The Lover's Dictionary by David Levithan

 

The title of The Lover’s Dictionary describes exactly what is inside this novel: a story of a relationship told through alphabetical dictionary entries describing the large and small events that shape a relationship.  While the first entry describes a scene from the first meeting, the rest of the novel does not follow linearly. We learn of how the unnamed couple falls in love, events that cause tension, milestones in their relationship and vignettes about love. 

 

For example:

I, n.

Me without anyone else.

 

Imperceptible, adj

We stopped counting our relationship in dates (first date, second date, fifth date, seventh) and started counting it in months.  That might have been the first true commitment, this shift in terminology. We never talked about it, but we were at a party and someone asked how long we’d been together, and when you said, “A month and a half,” I knew we had gotten there.

 

Love, n.

I’m not going to even try.

 

Dept. of Speculation by Jenny Offill

Taken as a whole, Dept. of Speculation offers a portrait of a marriage.  In part, it contains memories of past loves, travels and daily life.  We are witnesses to scenes from a marriage-both the mundane and the provoking.  Similar to Levithan, the characters are unnamed and the story is told in short pieces-though not dictionary style. While Offill and Levithan books both are centered on relationships, Offill pays more attention to the roles of wife and mother.  Emotional, bleak, reflective and suspenseful, this book demands to be read in one sitting.

 

 

 

Incendiary by Chris Cleave

“Dear Osama,”

Chris Cleave's first novel with those two words what follows is a stream of consciousness letter by a grieving woman distraught over the deaths of her husband and son by a terrorist bombing at a soccer game.

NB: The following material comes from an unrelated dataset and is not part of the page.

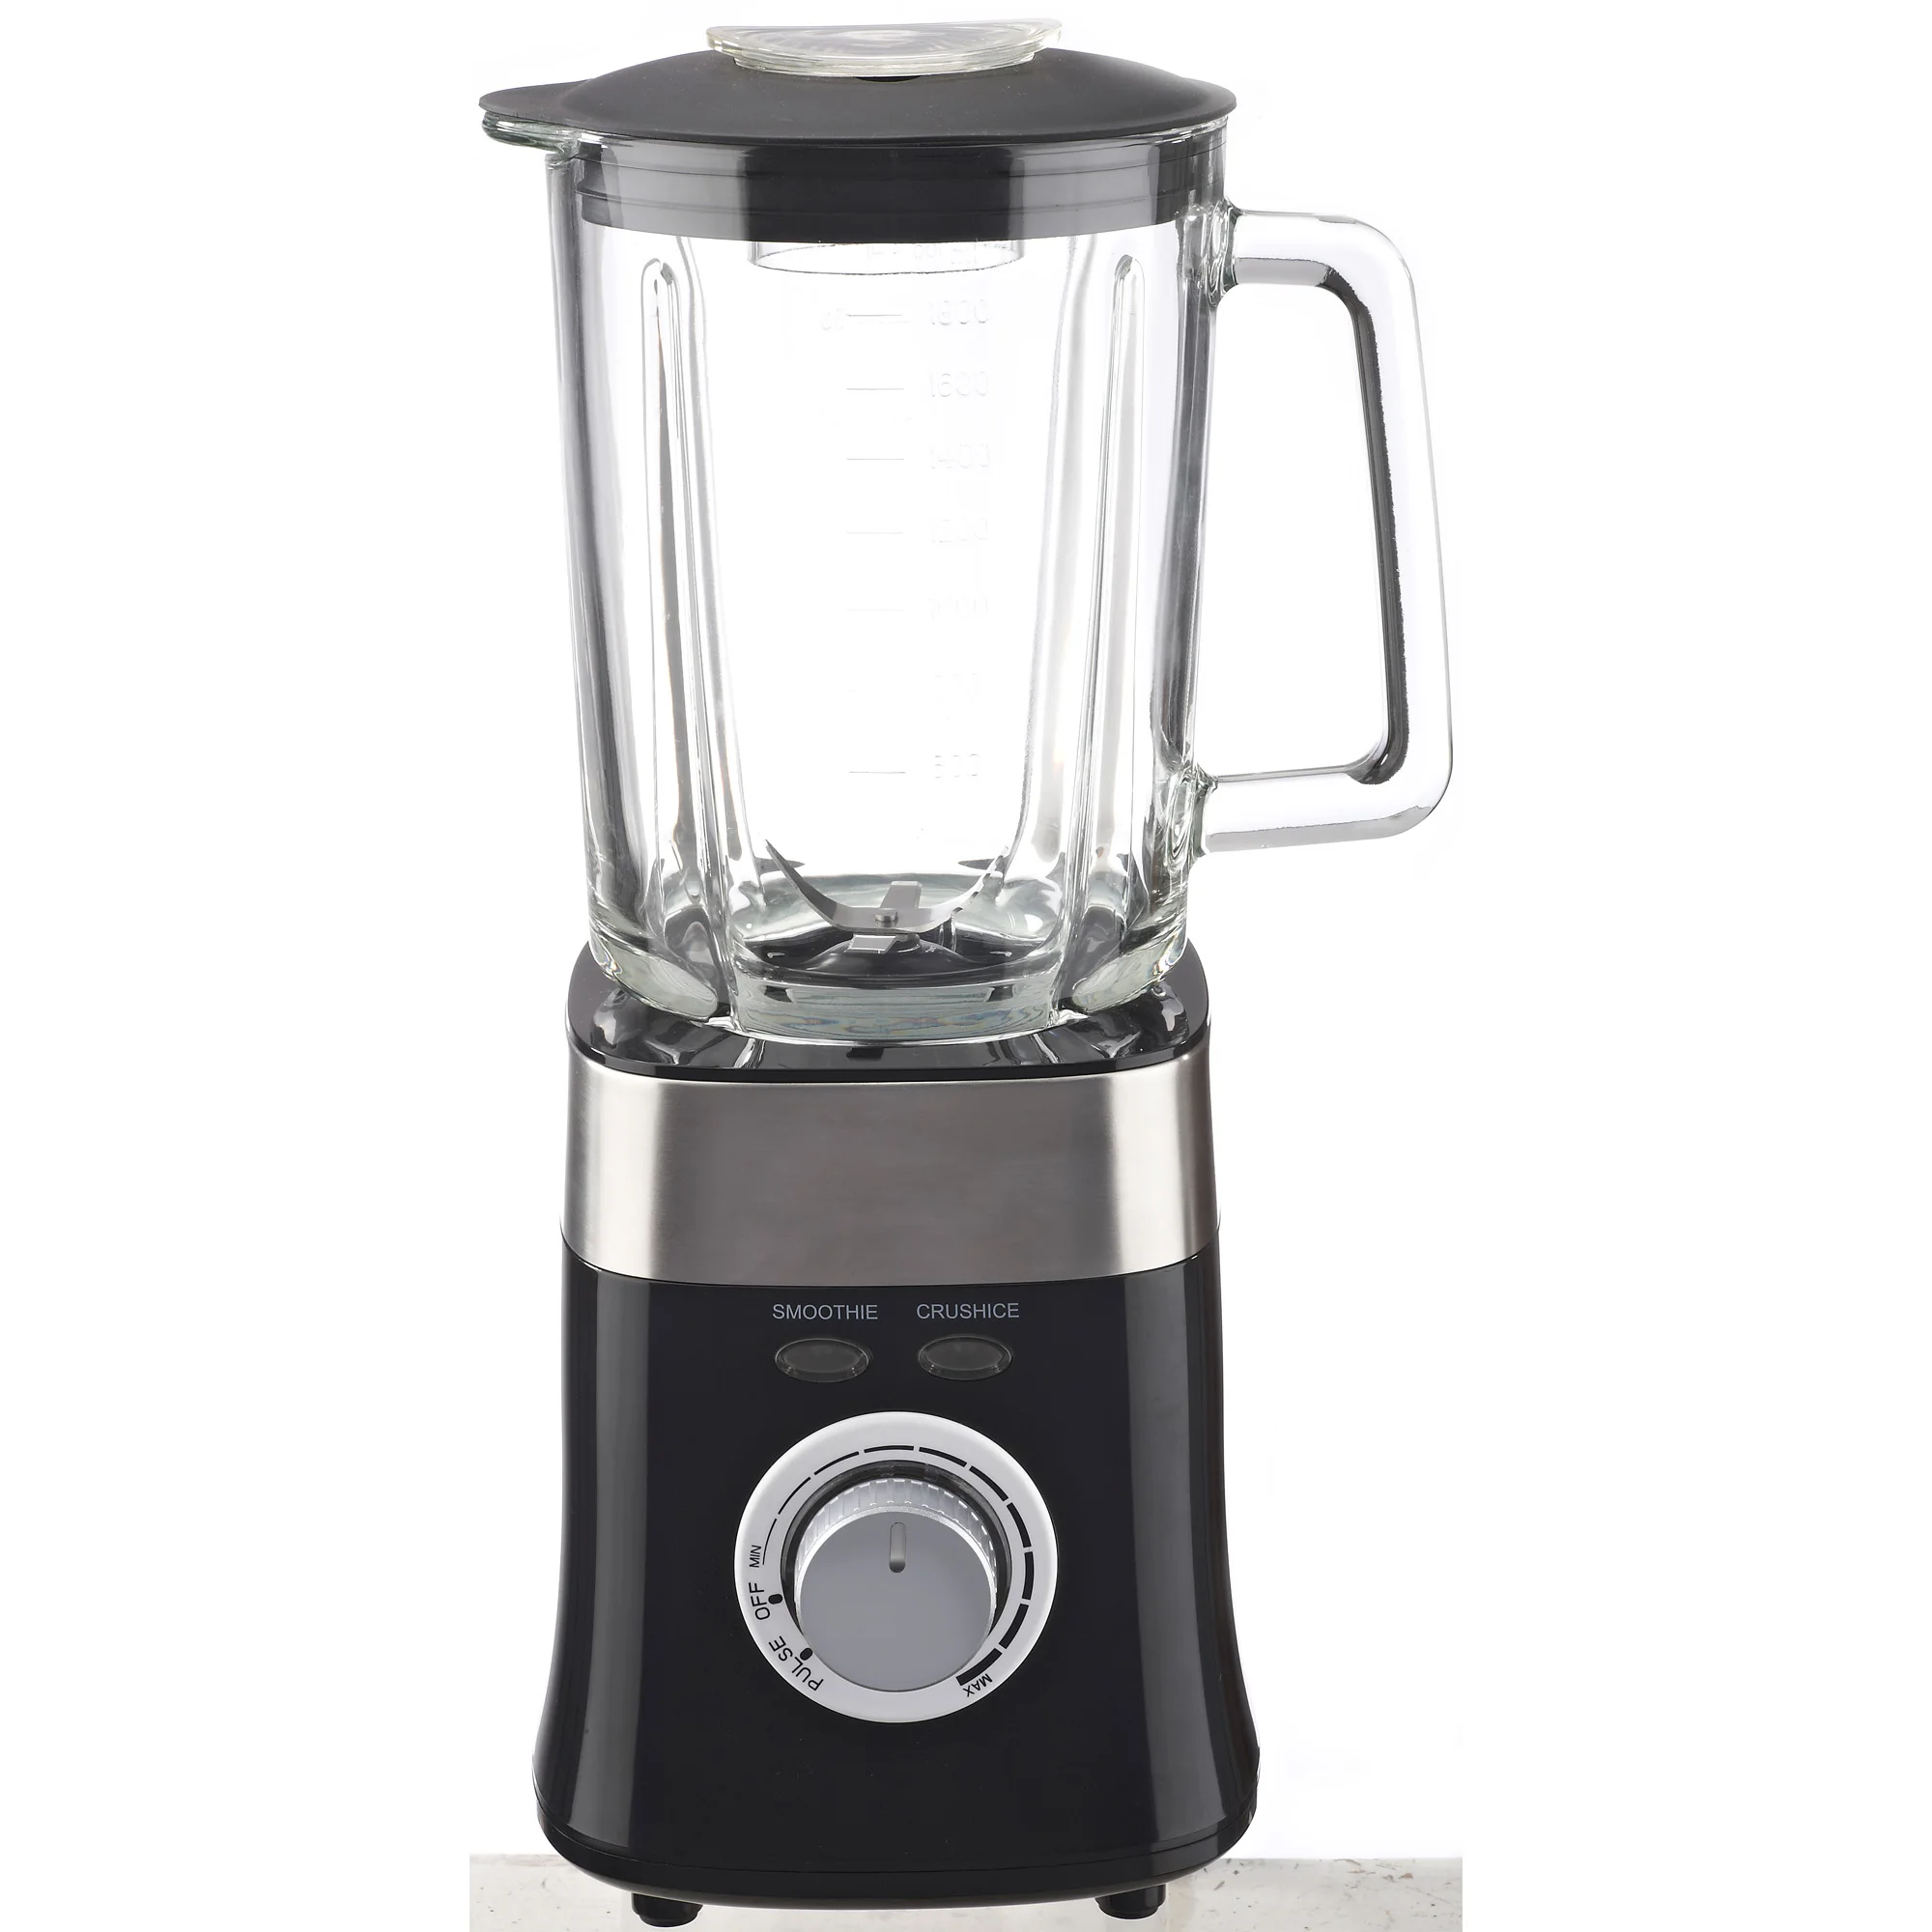 Multifunctional Stand Blender With Juice Blending Smoothie Ice Crush  Lb6102a 800w Blender Mixer - Buy Electric Blender,Stand Blender,Blender  Product on

The whole novel is a letter to bin Laden and has as much to do with global terrorism as it does with class politics in England.  To help with her grief, the unnamed narrator takes a job as a civilian in the anti-terrorism unit of Scotland Yard.  As the story progresses, the narrator begins to suspect the government knew about the plot and did nothing to stop it and becomes determined to put an end to further attempts.  The stream of consciousness writing takes a few pages to get used to, but in it is a compelling plot driven by grief.